One thing that the German administrators are definitely unable to control is the form of the national team, but it appears at this early stage that it is in safe hands. Coach Jurgen Klinsmann has overcome the general antipathy that surrounded his appointment and his well-publicised failure to move back to Germany from California, and has created a team whose performances have raised the morale and hopes of the supporters. The impressive opening wins over Costa Rica and Poland were very different, but media and fans alike are hopeful that a fusion of the better aspects of each performance can result in formidable opposition for any nation that they face.
If the 4-2 opening day win against Costa Rica paraded Germany’s skill and efficiency in attack but also a defensive vulnerability, the subsequent 1-0 over Poland displayed the exact opposite. Wasteful in attack until Oliver Neuville’s dramatic injury-time winner, the Germans were excellent in midfield and in defence – limiting Poland to only a handful of half-chances. If Klinsmann can get both attack and defence performing on the same day then it is not difficult to concur with the optimism that is sweeping the host nation ahead of tonight’s match.
While the optimism is well placed, it is true that neither Costa Rica nor the inexplicably impotent Poles represented much of a challenge for the Germans. The quality of the opposition improves this evening in Berlin in the form of the impressive Ecuadorians, who have sailed through their opening two matches in arguably more impressive style than their hosts.
“They’ve made a strong impression on everybody,” Germany assistant coach Joachim Low told the press on Sunday.
“They’ve yet to concede a goal and have displayed ruthlessness in attack. We’ve taken a good, hard look at our opponents and thoroughly analysed their performances to date. They don’t have many weaknesses.”
Much of the talk in the press ahead of this afternoon’s match has centred on the second round and in particular which team the Germans would prefer to face. The opponents will come from Group B. England have already qualified and are likely winners of the group. They only need to secure a draw against Sweden in their final match this evening to guarantee top spot. This would mean they would play the Group A runners-up in the first knockout phase, and this has led some German journalists to claim that a win this evening is a necessity for Klinsmann’s team.
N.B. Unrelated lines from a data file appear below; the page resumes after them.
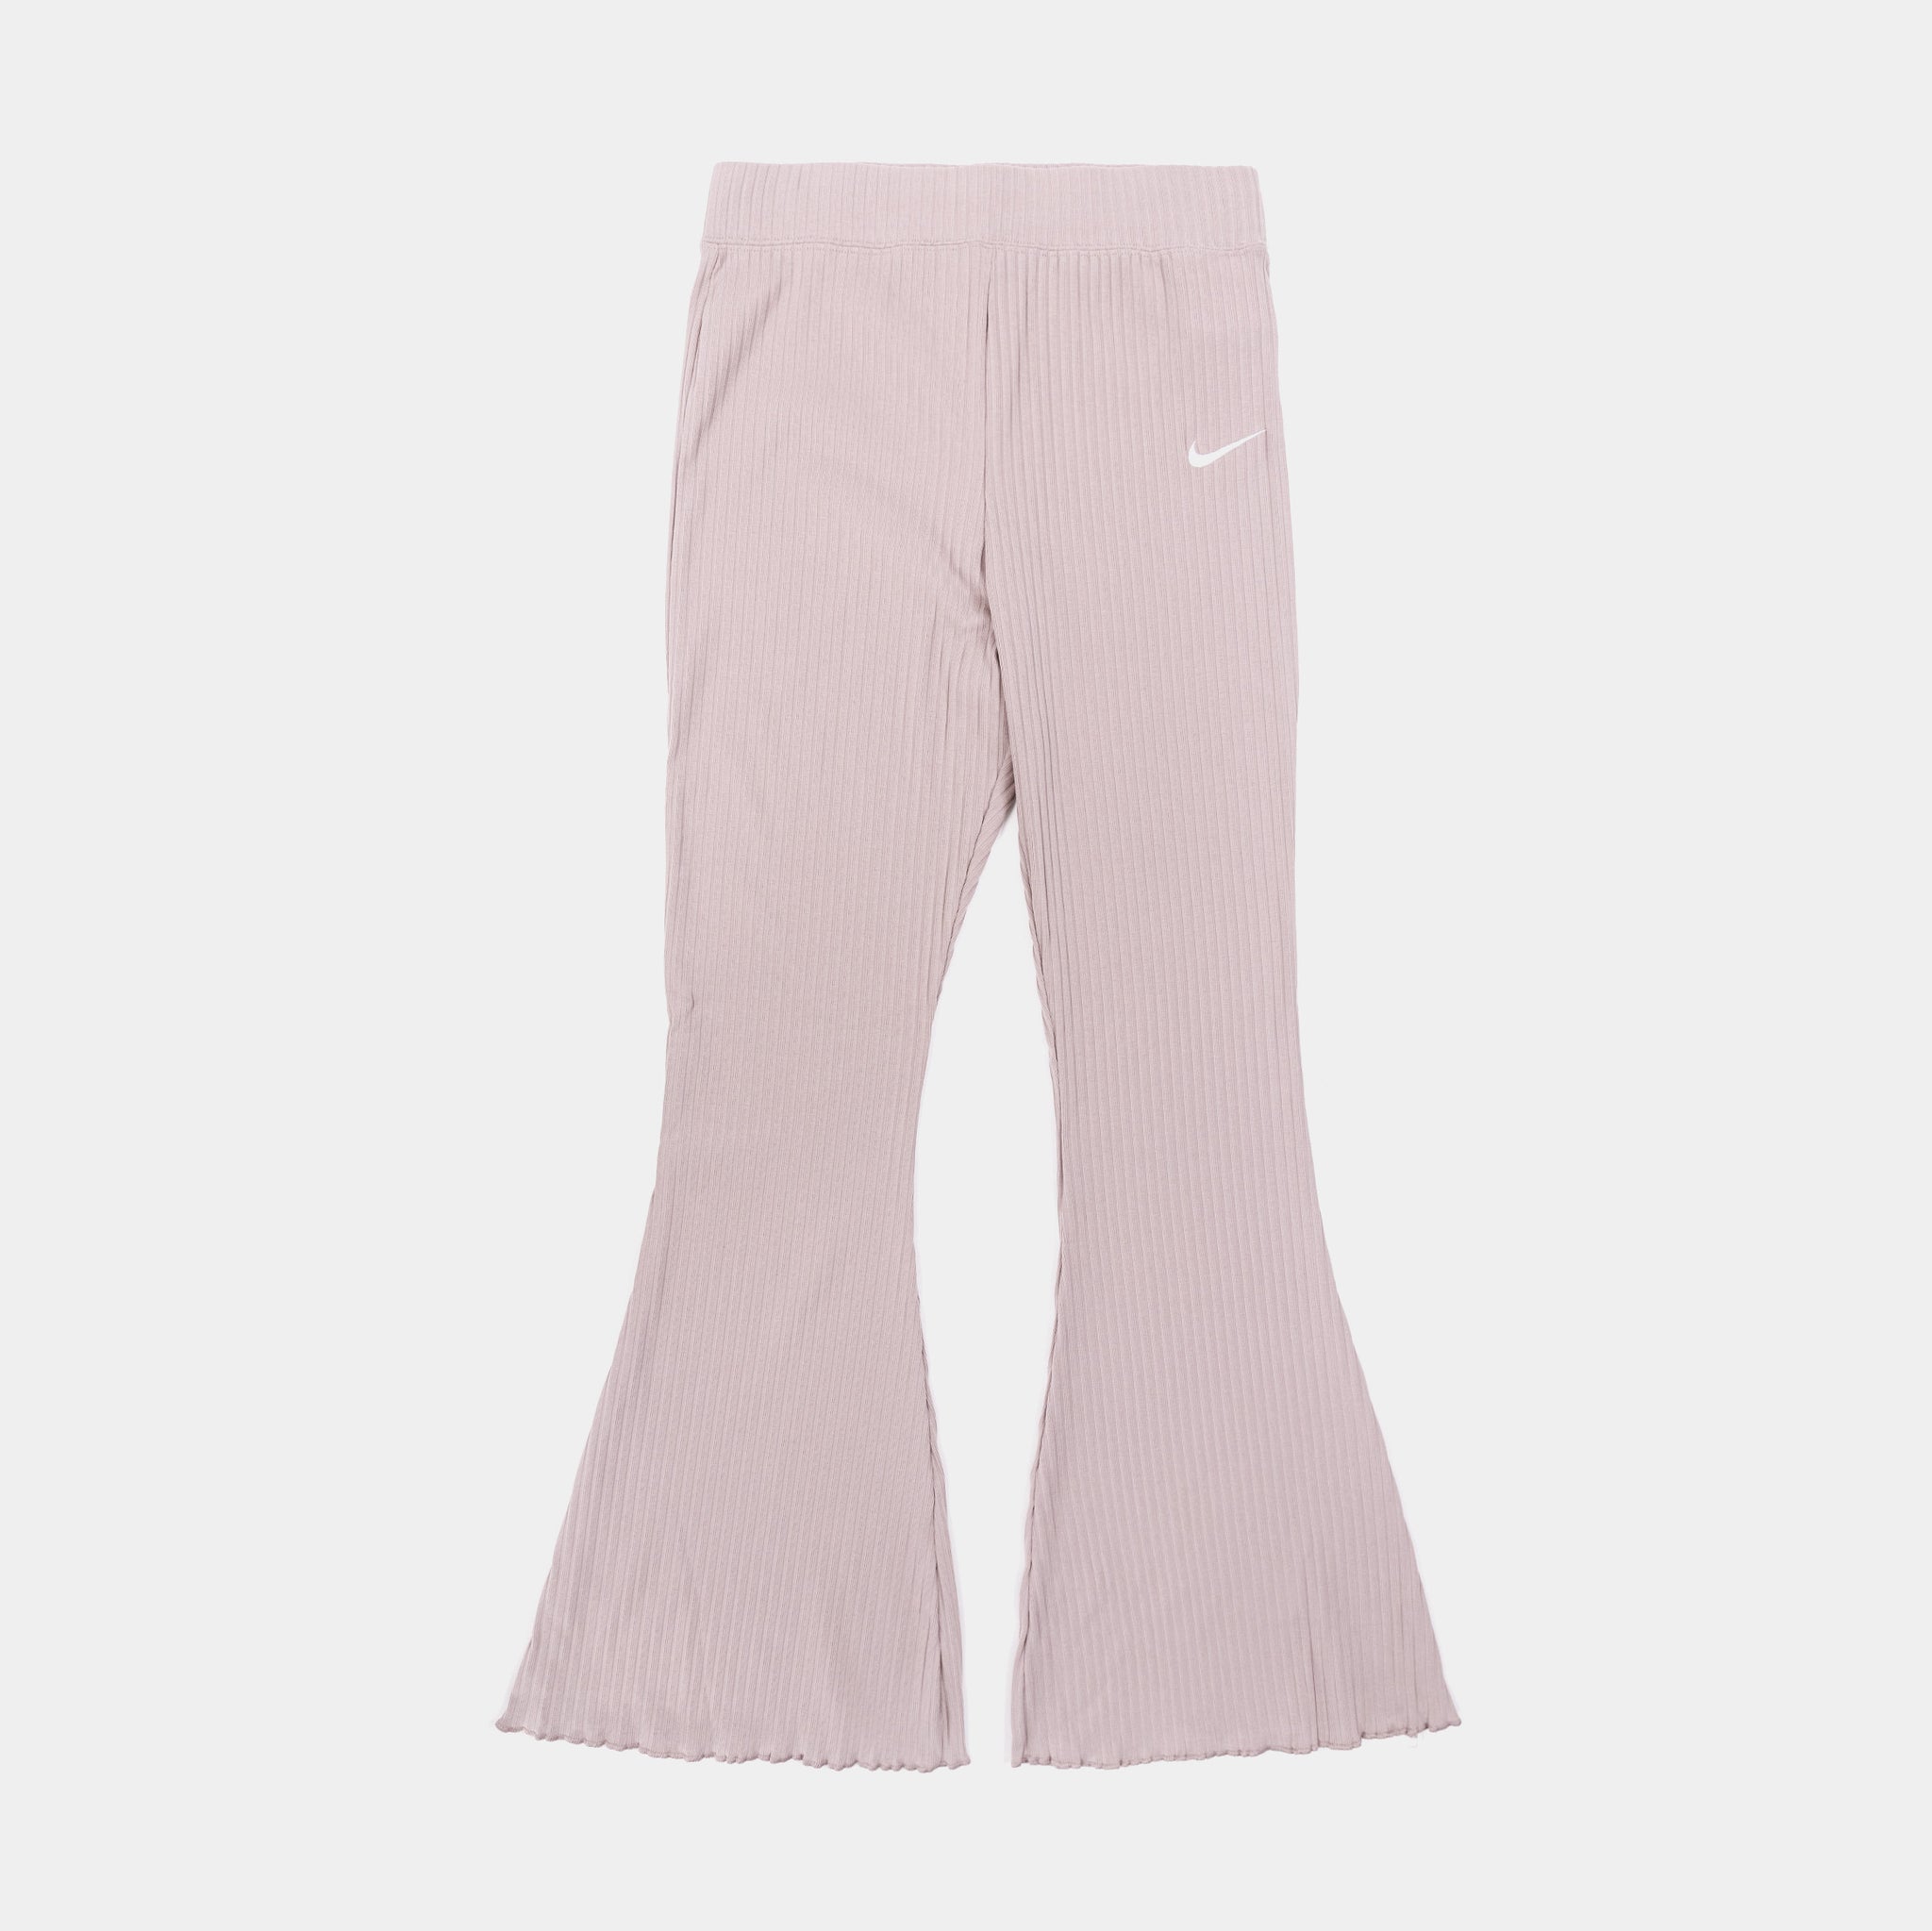 Best Deal for Nike Women's NSW Open Hem Fleece Pant Varsity (Small, Jade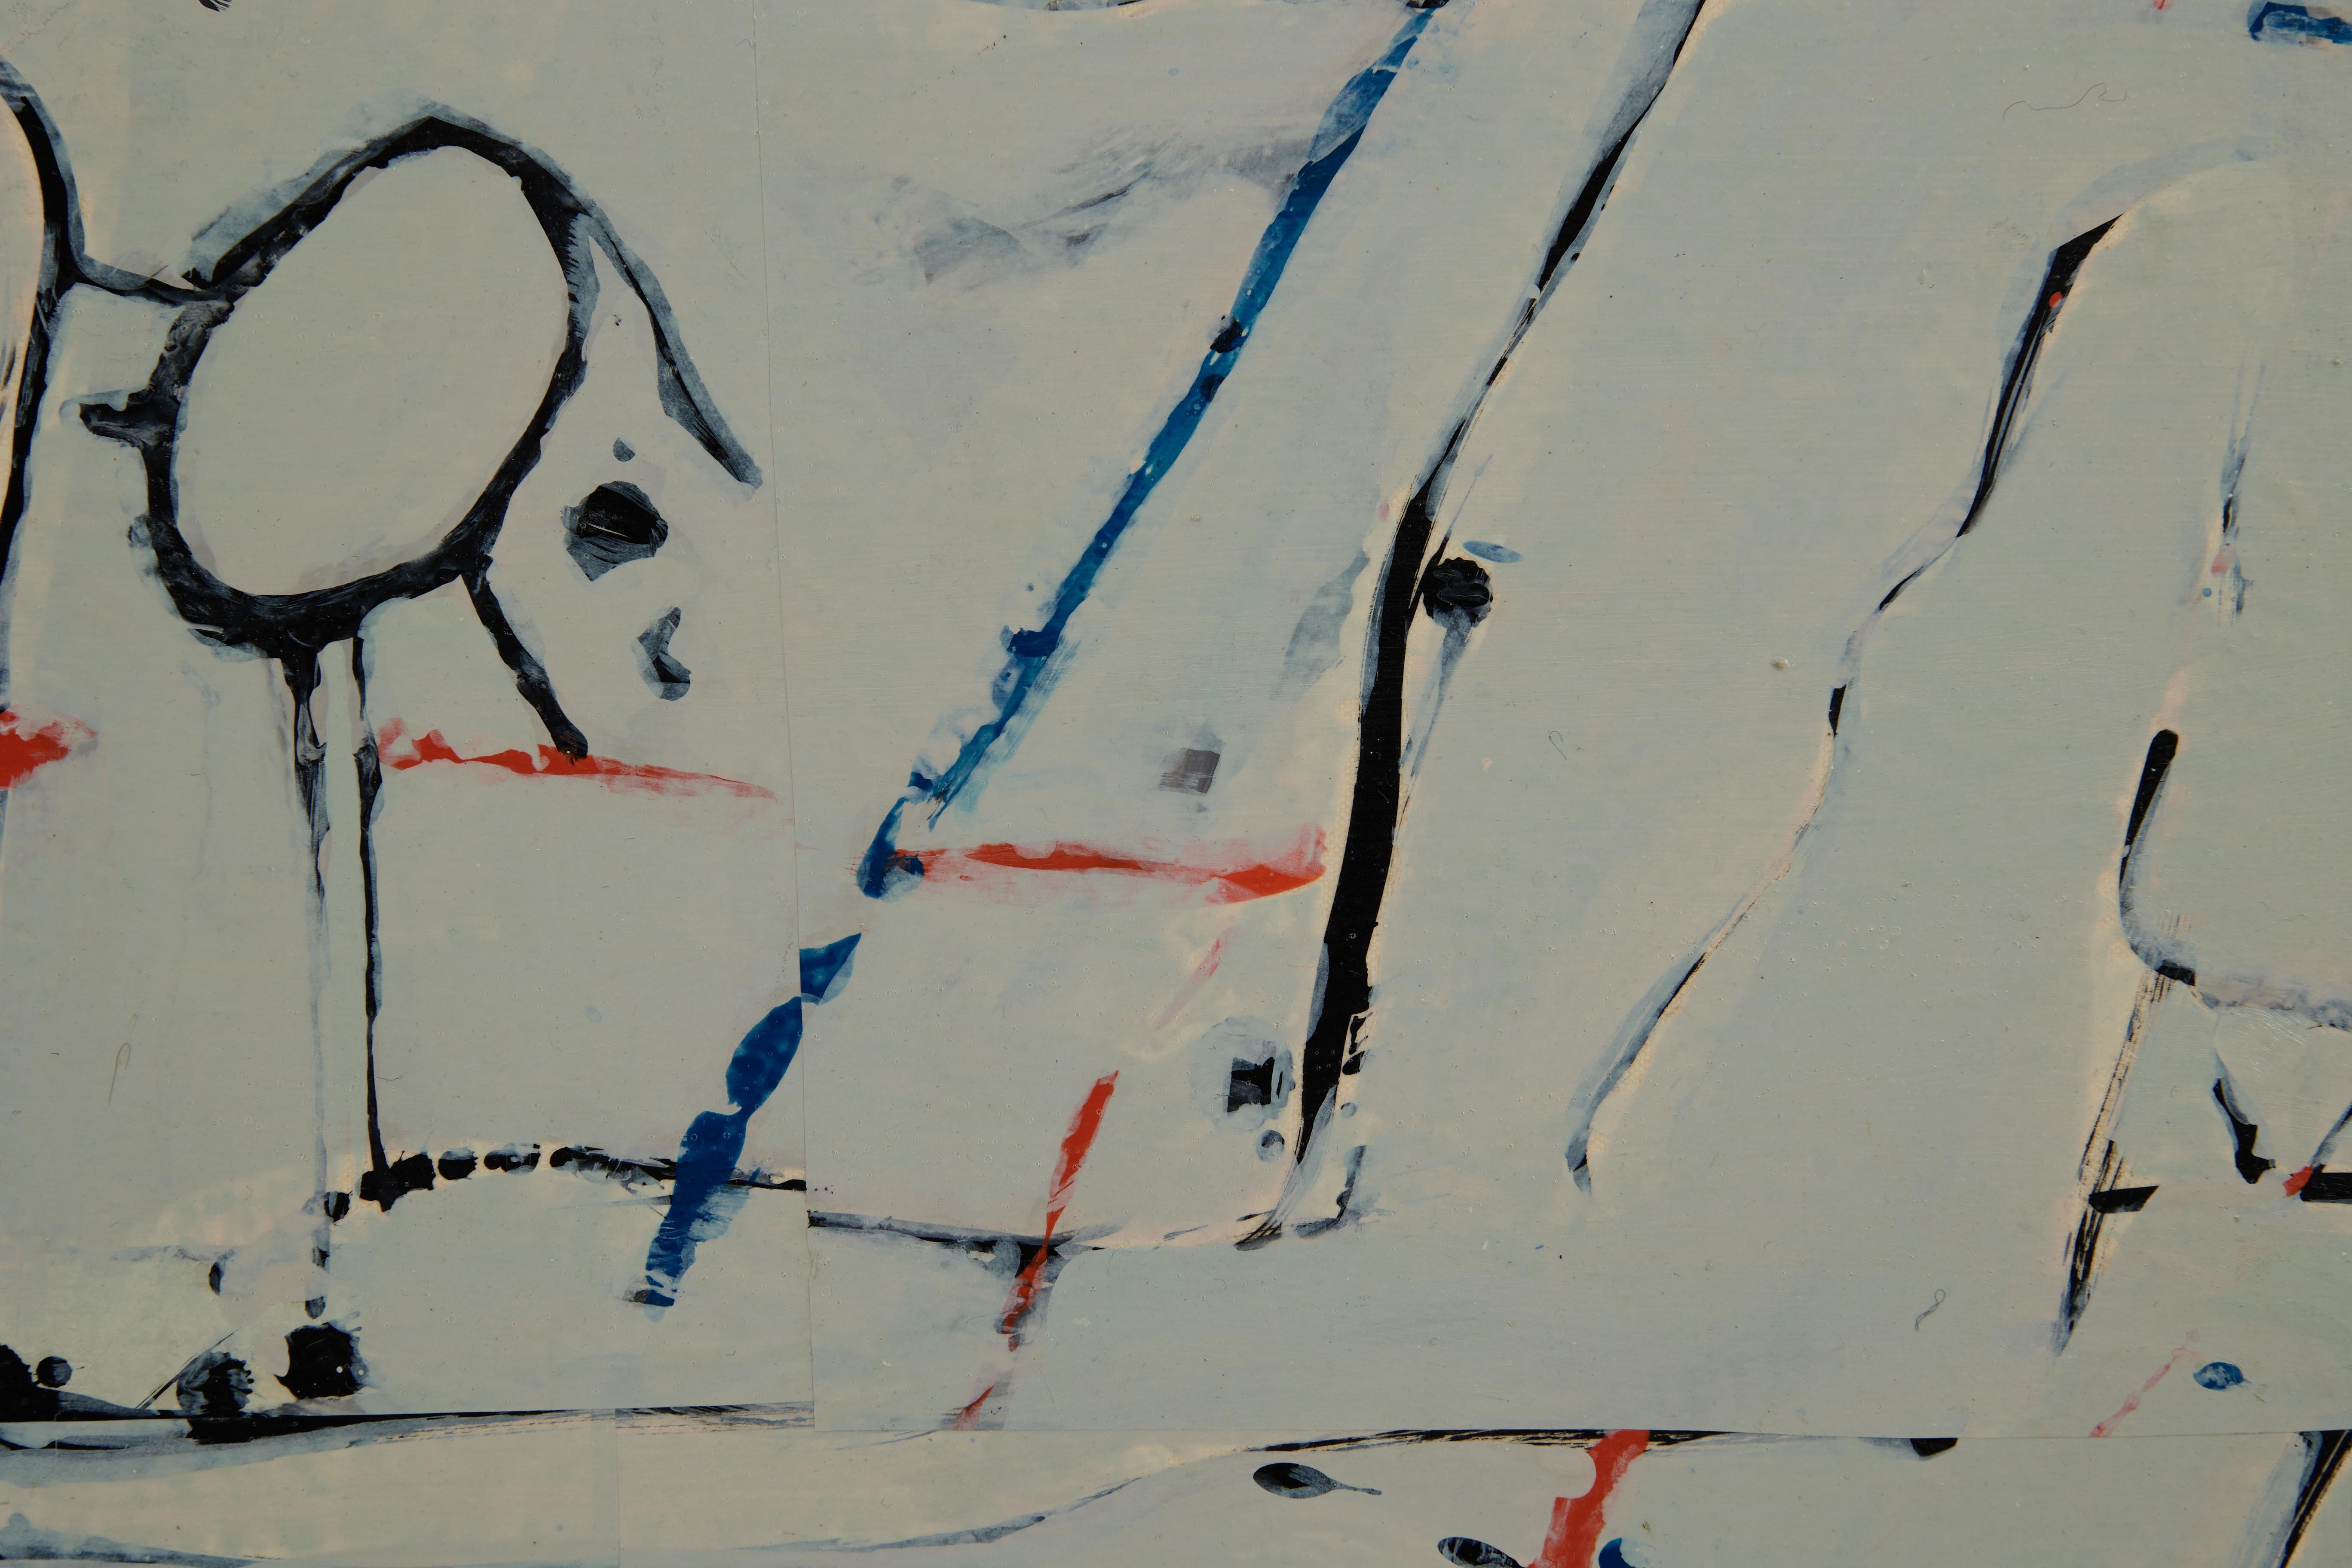 Reflections, großes abstraktes expressionistisches Gemälde des Künstlers der Cleveland School (Abstrakter Expressionismus), Painting, von Richard Andres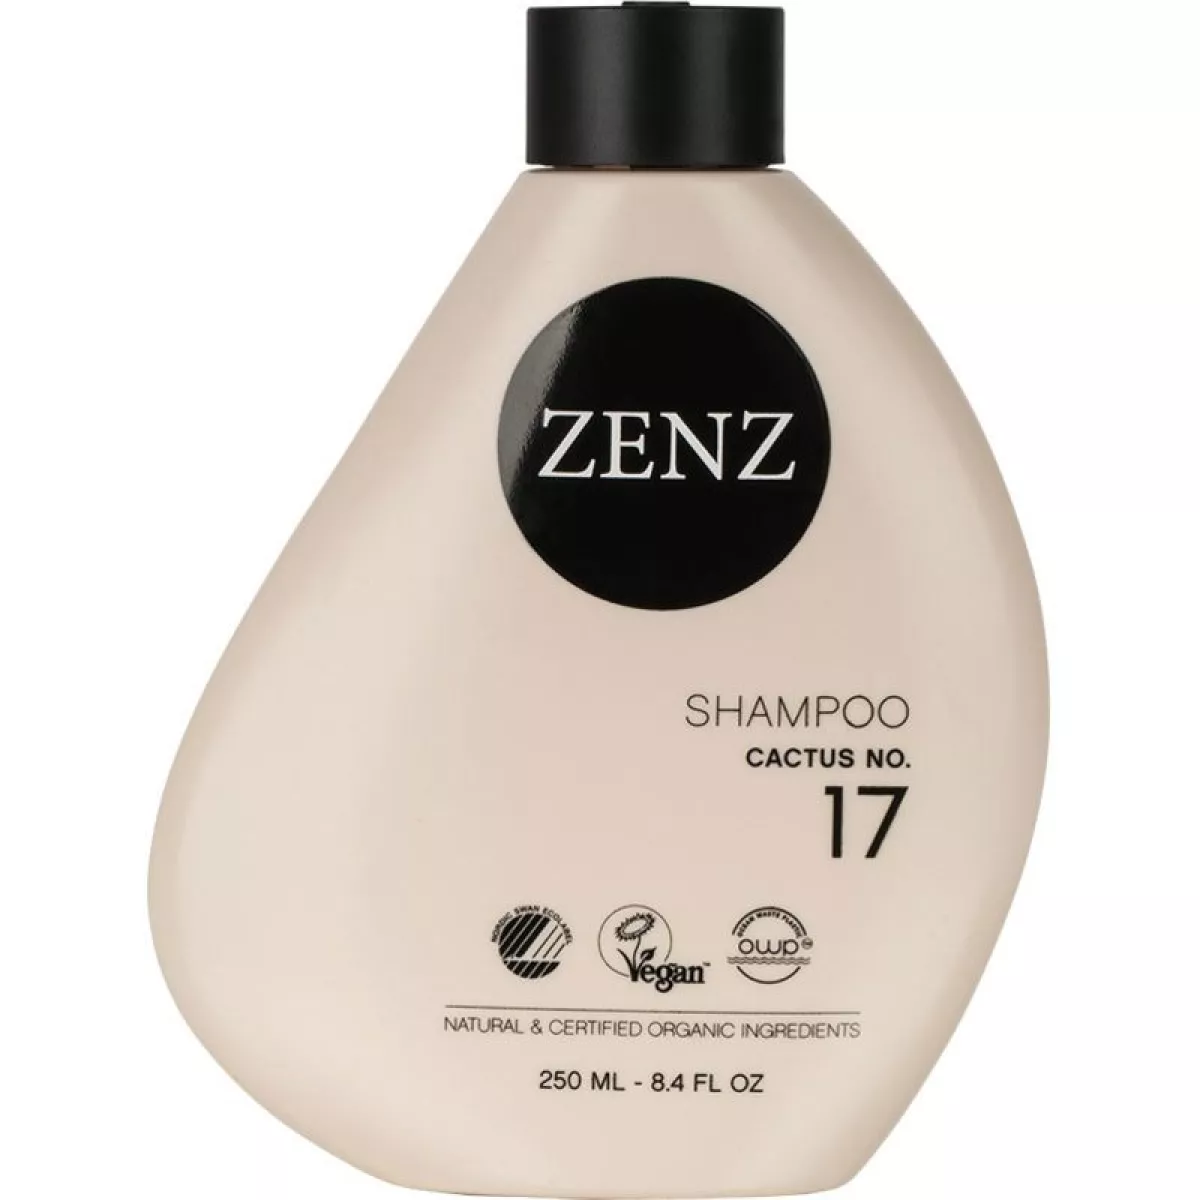 #1 - ZENZ Organic Cactus No. 17 Shampoo 250 ml

The coach, however, is unconcerned.
“We really don’t care who we face,” he told the gathered media on Monday morning.
“Once you get to the knock-out phase every match is tough but we shouldn’t even be thinking of the second round yet. We need to concentrate on nothing else but the Ecuador match.”
The former Tottenham and Internazionale striker, a World Cup winner as a player in 1990, was forthright in his praise for today’s opponents.
“Ecuador will be very tough opponents and deserve a lot of respect,” he said.
“They’ve shown why they finished third in the South American qualifying stage, behind only Brazil and Argentina. They’ve proved to the world that they can play anywhere now, not just at altitude as some people have been saying.”
The only injury worry for Klinsmann ahead of Germany’s first-ever meeting with Ecuador surrounds centre-half Christoph Metzelder, who is recovering from a knee injury sustained against Poland. Robert Huth will deputise if Metzelder is ruled out, while captain Michael Ballack will be risked despite being one yellow card away from suspension. Forward Mike Hanke is available again after completing a two-match ban for a red card in last year’s Confederations Cup. He is likely to settle for a place on the bench as Klinsmann sticks with Miroslav Klose and the hitherto disappointing Lukas Podolski in attack.
Ecuador’s fantastic early form has surprised everybody. They have long been considered relative minnows of South American football, only entering its continental championship, the Copa America, at the fifteenth time of asking in 1939. That they went some fifty years without winning a game in that competition and only snapped their 34 match winless run in 1989 illustrates much about the slow development of football in the country.
The reconstruction of the South American World Cup qualifying section in the late 1990s sparked a change in fortune for the Ecuadorians. Now guaranteed to play ten qualifying matches at home at high altitude, the team’s fortunes improved. Hard evidence of this is provided through their qualification for the 2002 World Cup, their first. In that World Cup they finished bottom of their group, prompting many observers from South America and beyond to claim that they were only effective when playing at altitude. However, the identity of their group opponents in Korea and Japan – Italy, Mexico and Croatia – reveals that Ecuador’s performance was not as poor as many had concluded.
Ecuador’s Colombian coach Luis Fernando Suarez is the latest in a long line of foreign coaches to have taken up the challenge of coaching the national team. This is another crucial factor in the improvement of the country’s footballing fortunes, as styles and tactics born in other countries have crept into the Ecuadorian psyche. It has undoubtedly made them a much harder team to beat and made them far more flexible.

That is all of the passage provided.